What I'm saying: The functionality of manually checking and setting the modem control signals is not commonly needed; for the rare case that needs them, a synchronous call is sufficient. The use case you want (which is to build a hardware monitoring device) is not what the serial stack is intended for. I fully believe that Linux has it, but that's because Linux has a wider spectrum of use cases which is outside the normal server computing model, for example laboratory data acquisition.

Another remark: Don't be so dismissive of polling. What time resolution do you need? It would be hard to argue that you need anything better than 10ms. So try putting the ioctl for checking the modem control signals (I think it is TIOCMGET, but that's from memory) in a loop that is executed every 100 times a second, and measure the CPU consumption. My educated guess is that polling is a perfectly adequate technique here. For example: At home, I poll two pressure sensors that are connected via serial ports. Reading their value requires an interestingly complex serial protocol (I use ModBus), and I do that 20 times per second. To make matters worse, the whole code is written in Python. It uses 3-4% of the CPU. In efficient C, it would probably be an order of magnitude faster.


----------



## ogogon (Nov 12, 2022)

Thanks for the answer, but it's kind of sad...

It turns out that you need to write two methods for obtaining information and adjust the C preprocessor so that the corresponding one is compiled on each platform.
Or do only a polling loop with a time delay and get ridiculed by linuxoids who start saying that BSD programmers live like bears in a den...


----------



## ralphbsz (Nov 12, 2022)

It's not kind of sad, it is the way engineering goes. Every product or project is a compromise. FreeBSD is a compromise, to be a really good, clean, stable, and streamlined server OS. It can also do desktop, but that's up to the user to configure. It is not used much for hardware hacking, or as a base for hardware-close embedded systems.

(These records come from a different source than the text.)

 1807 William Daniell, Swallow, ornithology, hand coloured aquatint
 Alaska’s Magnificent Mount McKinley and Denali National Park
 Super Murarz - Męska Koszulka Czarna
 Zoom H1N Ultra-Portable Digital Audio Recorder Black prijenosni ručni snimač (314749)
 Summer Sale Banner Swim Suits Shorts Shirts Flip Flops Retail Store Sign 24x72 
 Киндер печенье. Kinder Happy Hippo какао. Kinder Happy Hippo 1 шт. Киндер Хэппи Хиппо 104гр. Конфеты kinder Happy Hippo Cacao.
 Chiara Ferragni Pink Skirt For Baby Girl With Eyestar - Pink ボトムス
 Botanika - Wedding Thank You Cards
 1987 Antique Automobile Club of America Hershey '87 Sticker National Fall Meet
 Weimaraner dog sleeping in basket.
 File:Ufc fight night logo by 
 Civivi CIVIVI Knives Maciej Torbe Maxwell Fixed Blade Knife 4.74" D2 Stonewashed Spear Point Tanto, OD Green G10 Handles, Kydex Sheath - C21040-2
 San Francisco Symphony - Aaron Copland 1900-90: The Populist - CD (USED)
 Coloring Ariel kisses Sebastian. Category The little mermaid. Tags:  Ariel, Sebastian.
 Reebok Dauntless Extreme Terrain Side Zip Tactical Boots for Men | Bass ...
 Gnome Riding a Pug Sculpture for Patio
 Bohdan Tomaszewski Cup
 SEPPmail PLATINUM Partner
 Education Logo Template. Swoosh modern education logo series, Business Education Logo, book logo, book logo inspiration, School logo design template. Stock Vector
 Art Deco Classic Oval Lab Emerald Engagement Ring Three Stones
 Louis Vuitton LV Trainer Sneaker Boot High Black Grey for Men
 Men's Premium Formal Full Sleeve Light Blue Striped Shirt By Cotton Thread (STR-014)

Use the appropriate tool. If you want to check modem control lines and not write a polling loop, Linux (or an embedded OS or writing kernel code yourself) is the correct answer. You are bemoaning that a philips screwdriver is not very good at putting in nails: I agree. Don't use it if it doesn't fit.

I have several Raspberry Pi around the house, one of them in continuous production. I tried FreeBSD on it, and switched to Linux (Raspbian = Debian). Not because I like it particularly, but because the hardware support was just much better. Certainly, FreeBSD is "Turing complete", and could have done what I wanted with sufficient effort. But I used the path of using the appropriate tool.


----------